Erstellt von Redaktion am Dienstag 24. Dezember 2019

Die Legende vom Büderich oder 2019 Jahre schlechte Laune

Bethlehemkirche Meerbusch-Buederich.JPG

Von Manja Präkels

Eine Geschichte über den Büderich, der es nun wirklich sehr deutlich übertrieben hatte.

Der Flecken lag mitten im Dunkel, trotzig, rechtwinklig, in stiller Überschaubarkeit. Umgeben von Feldern ging ein schwaches Funzeln von ihm aus. Denn die Hauptstraße, entlang derer seine Bewohner alles fanden, was sie brauchten, war mit leuch­ten­den Sternen geschmückt. Haus an Haus reihten sich Bank, Bäcker, Fleischer, ein kleines Mode- und Schuhgeschäft (für Damen nur bis Größe 42!), ein Reformladen für die ökologisch Bewussten, ein Laden für die Trinker und Raucher sowie ein Pizzaimbiss mit Döner Hawaii im Angebot.

Alles und jeder hatte hier seinen Platz. Und wer keinen fand, ging fort. Denn dies ist der Lauf der Welt. Nur der Büderich, der hatte es zu weit getrieben. Der hatte seinen Platz verloren. Die Bäckerin öffnete ihren Laden allmorgendlich als Erste. Und kaum hatte die Kirchturmuhr viermal geschlagen, fanden sich die ersten Kunden ein. Allen voran die alte Fuchs, deren Züge versteinert waren, seit ihr Mann pflegebedürftig und somit beider Leben in Armut gefallen war.

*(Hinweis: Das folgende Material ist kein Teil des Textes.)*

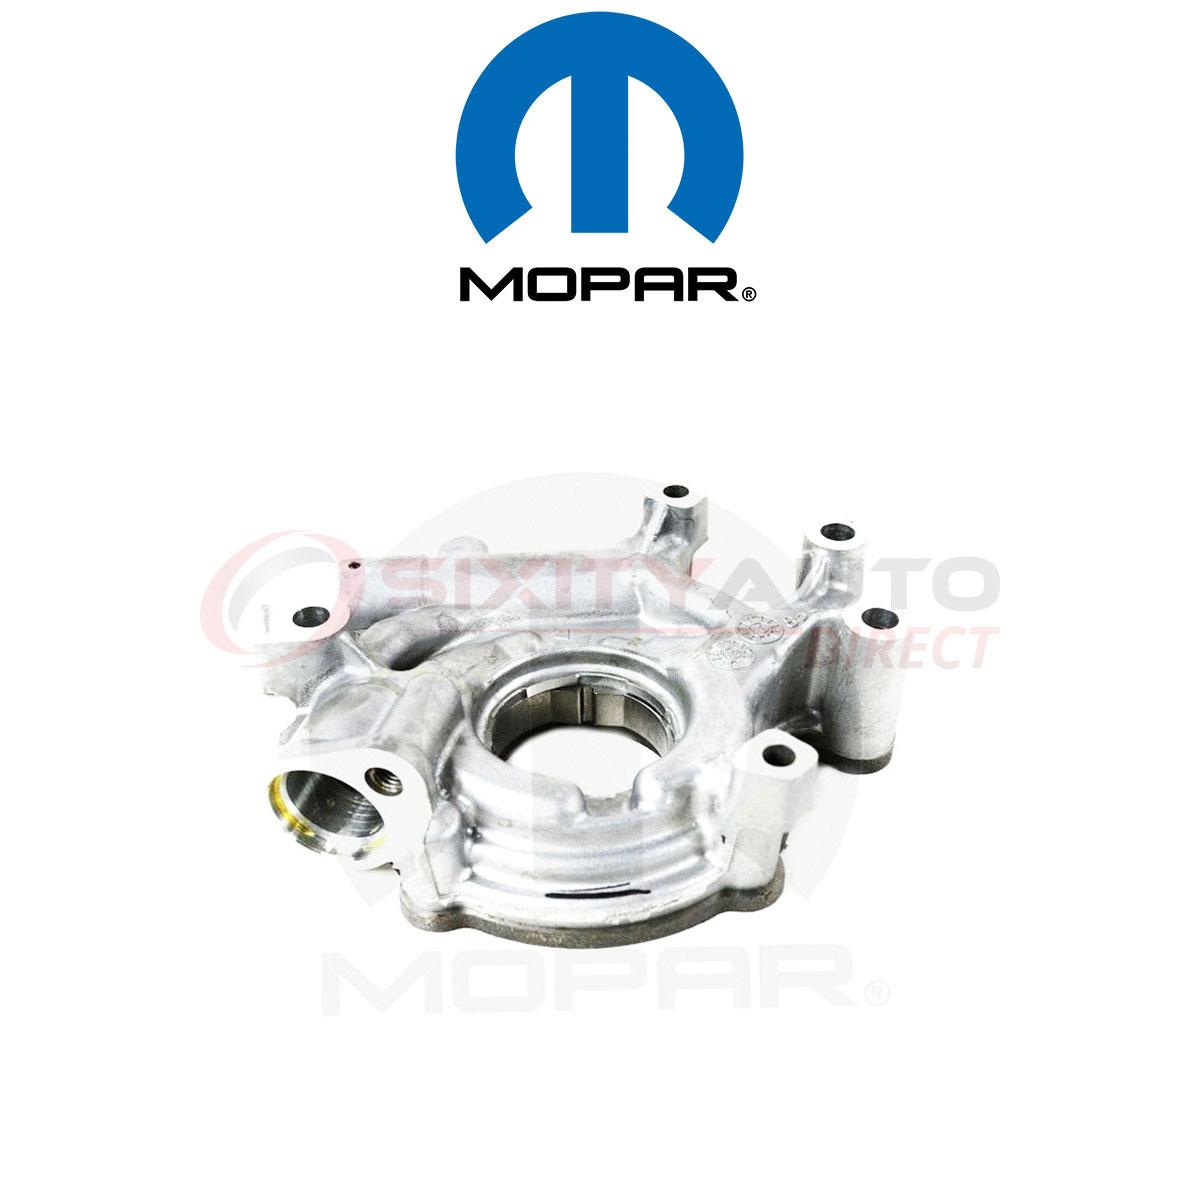 Mopar Engine Oil Pump for 2002-2010 Dodge Ram 1500 3.7L 4

Gegen fünf trafen die Monteure ein. Auswärtige Männer mit verlebten Gesichtern und Tätowierungen auf den Händen. Bestellten Kaffee, versammelten sich mit den dampfenden Bechern und hochgezogenen Schultern draußen zum Rauchen. Kamen schnaufend vor Kälte und Müdigkeit zurück in den Laden und frühstückten mit mechanischen Bewegungen. Ihr Arbeitstag hatte begonnen. Bis sieben blieb es ruhig im Ort. Nur vereinzelt fanden sich Schlaflose und Gassigeher am Kirchplatz ein, den täglich einmal zu umrunden zu den Hauptbeschäftigungen der Einwohner des Fleckens gehörte. Dies ist mein Ort. Vier Ecken und zwei Beine. Die Uhr schlägt uns den Rhythmus. Wir schlagen Wege ein.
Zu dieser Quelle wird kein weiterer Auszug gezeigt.